Out of all the states in the U.S., tiny Vermont has one of the highest rates of teen marijuana use. Proponents of legalization say that shows how poorly prohibition of marijuana has worked. As in so many other areas, that view looks at a single moment’s worth of data, ignoring the complex history of marijuana use in Vermont.

The Youth Risk Behavior Survey, which measures how many middle- and high-school students are doing risky things like using marijuana, has been given in Vermont’s schools for many years. When we look back along the timeline of marijuana use, we see that usage rates among teens have gone up and down more than once. In 1993, 19% of high school students reported using marijuana at least once in the 30 days before they took the survey. The usage rate went up to 35% in 1997. Then it leveled off, and began to drop, slowly at first (a single percentage point in 1999) but then faster, until it reached 25% in 2005.

Why the drop? Because prevention efforts on the national, state, and local level were working. Smoking rates dropped, drinking rates dropped, and marijuana rates dropped too,  as both adults and teens got the message about using mind-altering drugs  moderately or not at all. The decline was slow but steady across the board. Until 2005.
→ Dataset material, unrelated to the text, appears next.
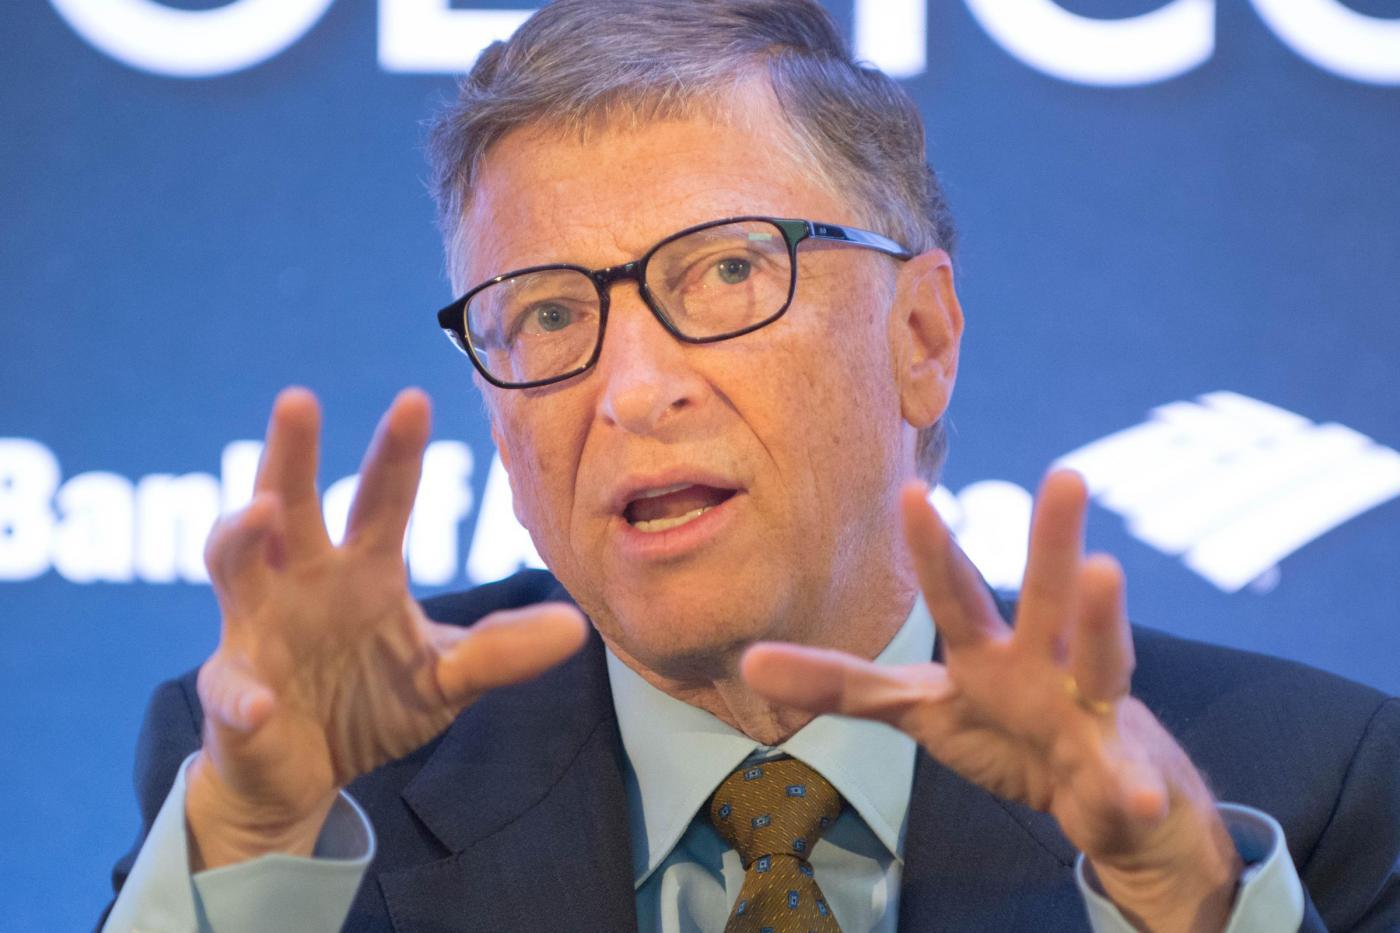 Bill Gates e Jimmy Fallon bevono l'acqua derivata dalle feci

That year, while smoking and drinking rates continued to fall, marijuana use rates leveled off at 25%. And since then, they have been down to 24%, back up to 25%, and back down to 24% in 2013, the last time the survey was administered. In other words, there hasn’t been any significant change for eight years.

Why is that? Because pro-legalization advocates turned marijuana into medicine. It does, indeed, ease some symptoms in a few diseases, and the pro-pot lobby held this up as firm evidence that it was a cure-all. The message teens in Vermont got was that marijuana was perfectly safe for anyone to use. That it wasn’t addictive. That it made you a better driver. None of which is true, but those voices were drowned out.

We have years of data showing that, when teens think an illegal substance isn’t harmful, more of them will start using it. That’s what has happened in Vermont. Our teen use rate is high when it would be lower and still going down, if the pro-pot lobby hadn’t put a halo over marijuana.

And one other point: Prohibition will always be a fact for teenagers. Their developing brains are primed to change, so drugs like marijuana hit them much harder than they hit adults. No law that allows people under 21 to use marijuana will ever pass in the Vermont legislature. The pro-legalization folks should keep both these points in mind when they try to white-wash marijuana. A good-sized share of our high use rate lies on their shoulders.